Information provided.
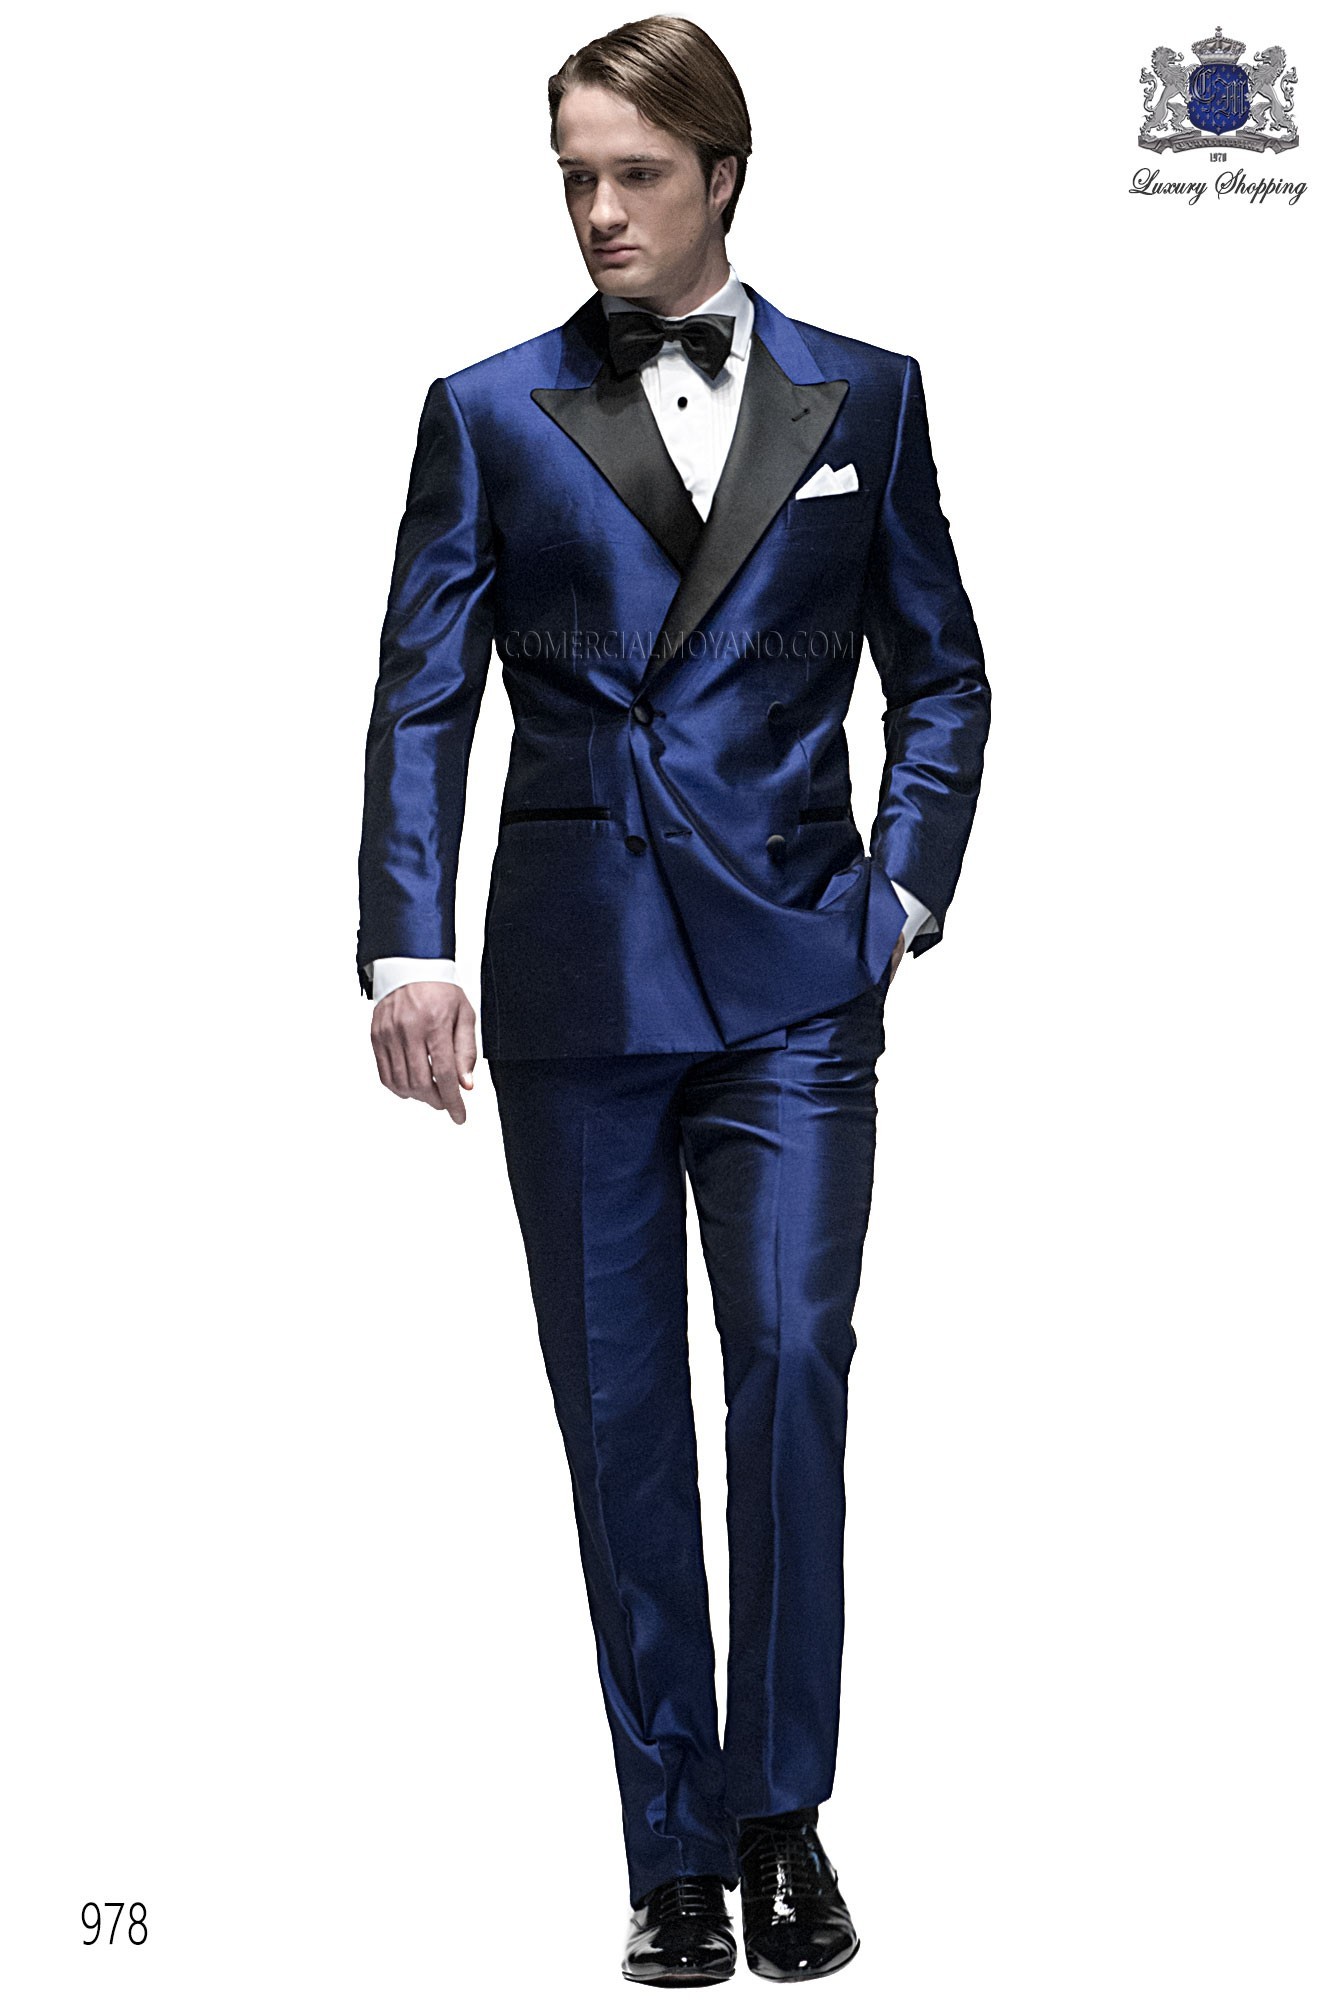 Traje de fiesta hombre azul modelo: 978 Mario Moyano colección Black Tie
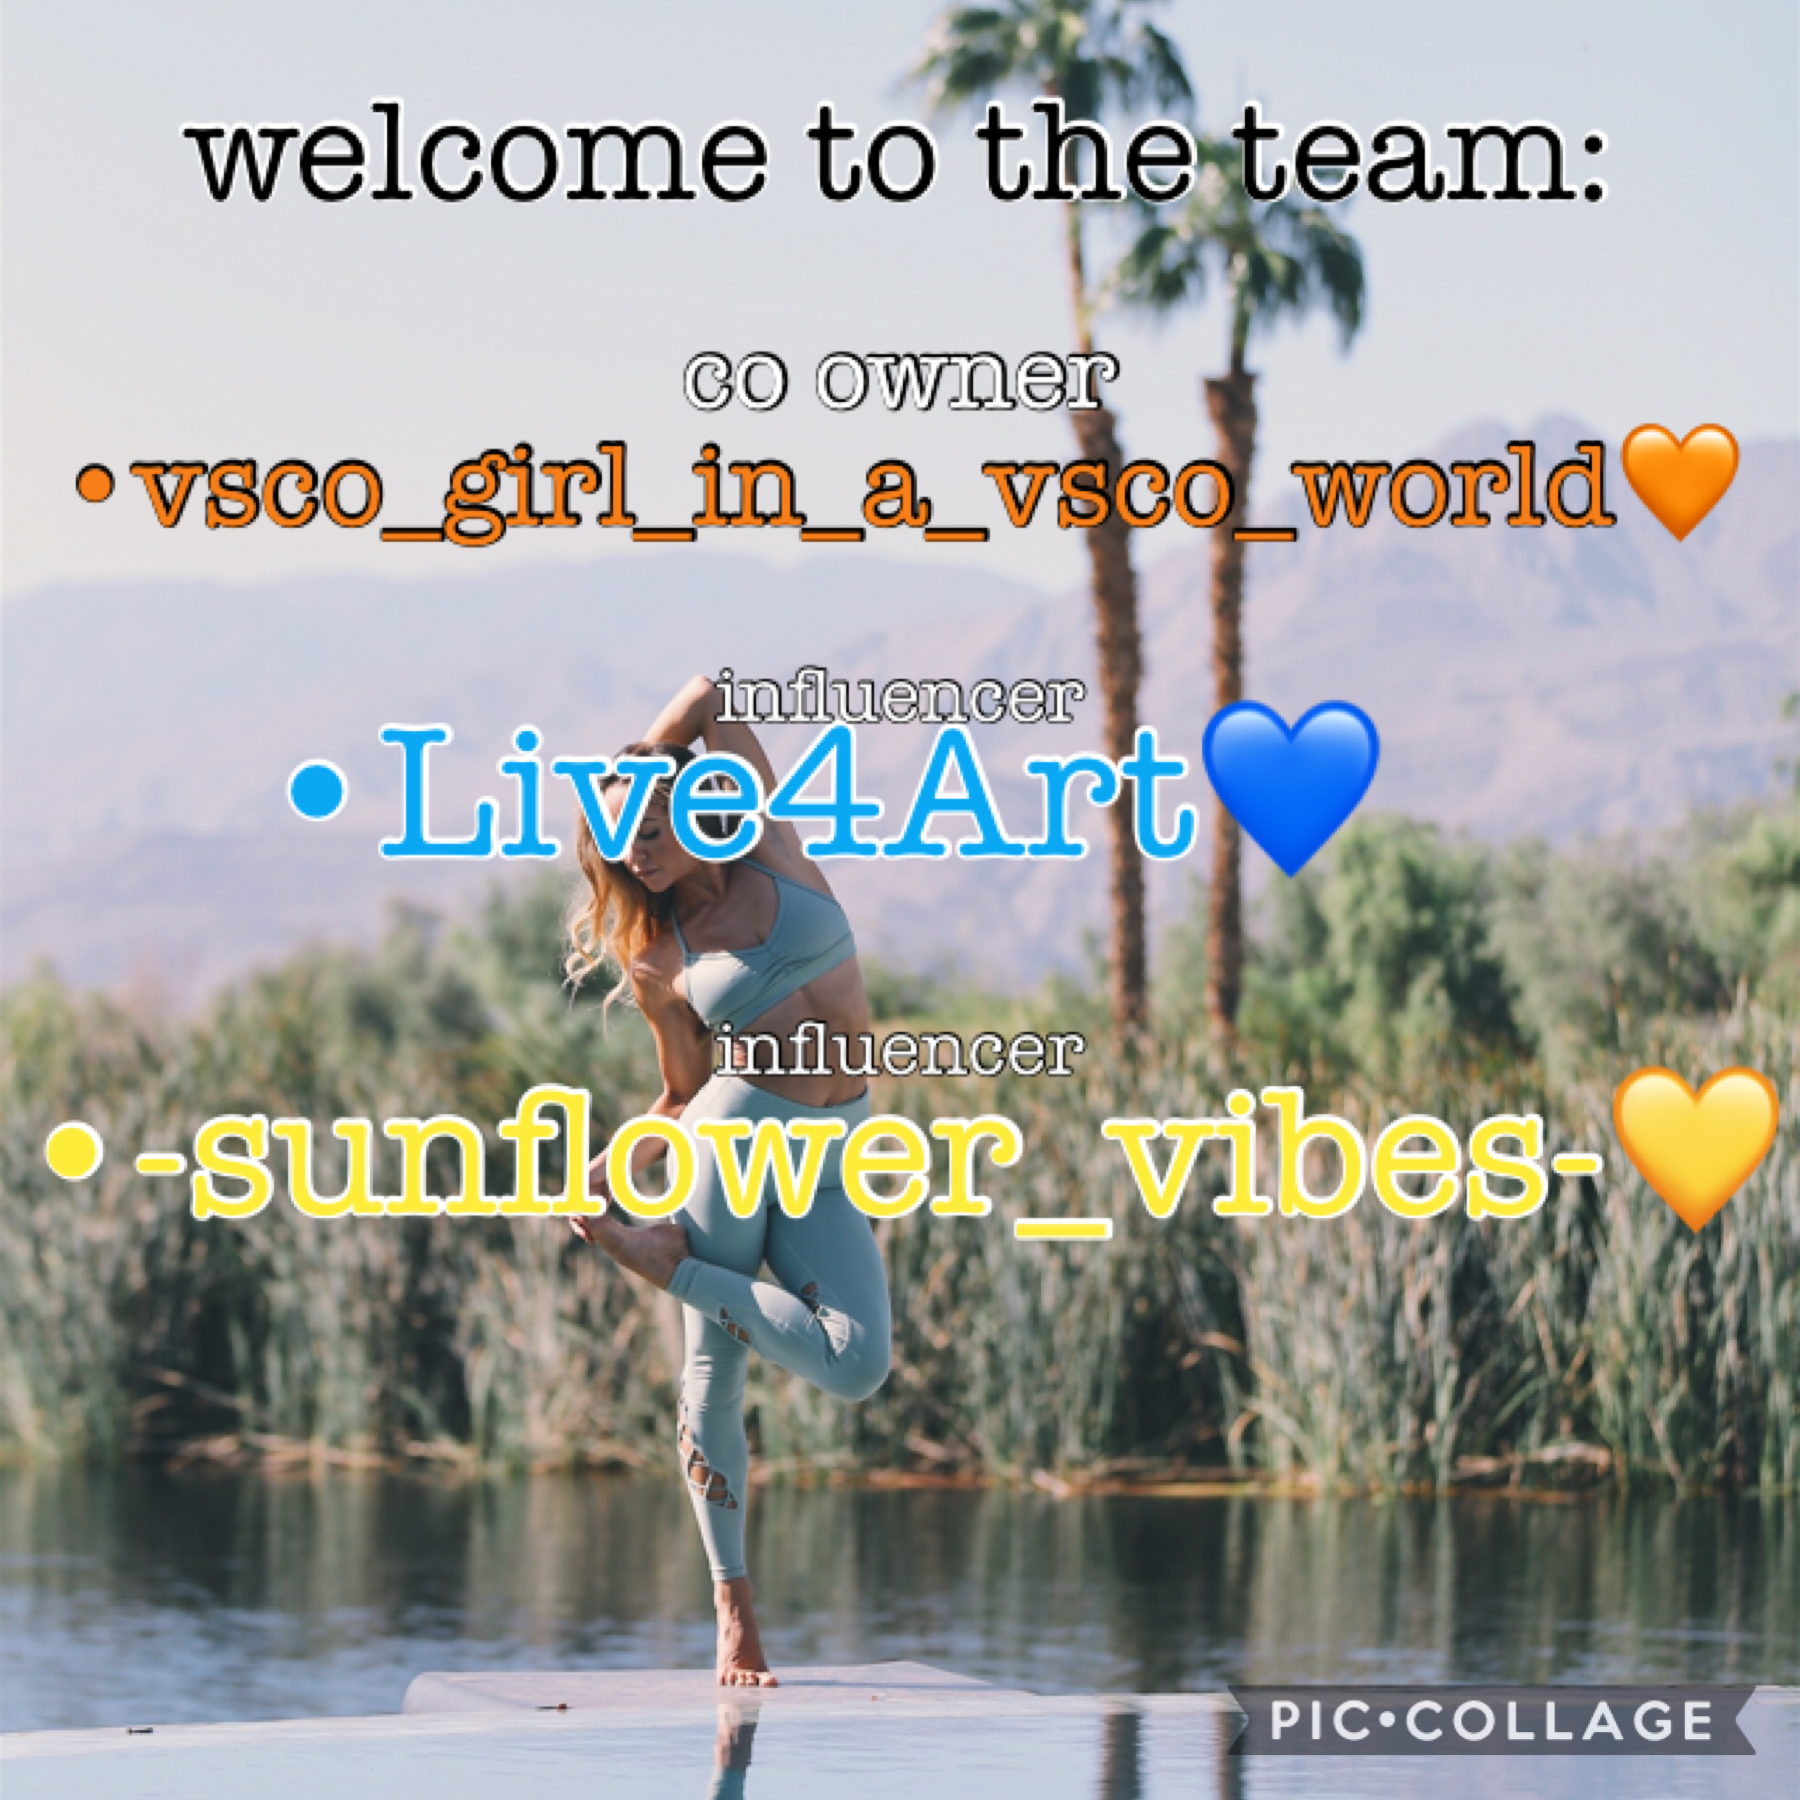 vsco_girl_in_a_vsco_world (co owner)

Live4Art (influencer)

-sunflower_vibes- (influencer)

Task to carry out. Everything from the line containing "Live4Art (influencer)" through the last line above should be copied exactly, please, with nothing added.

Solution for this task.
Live4Art (influencer)

-sunflower_vibes- (influencer)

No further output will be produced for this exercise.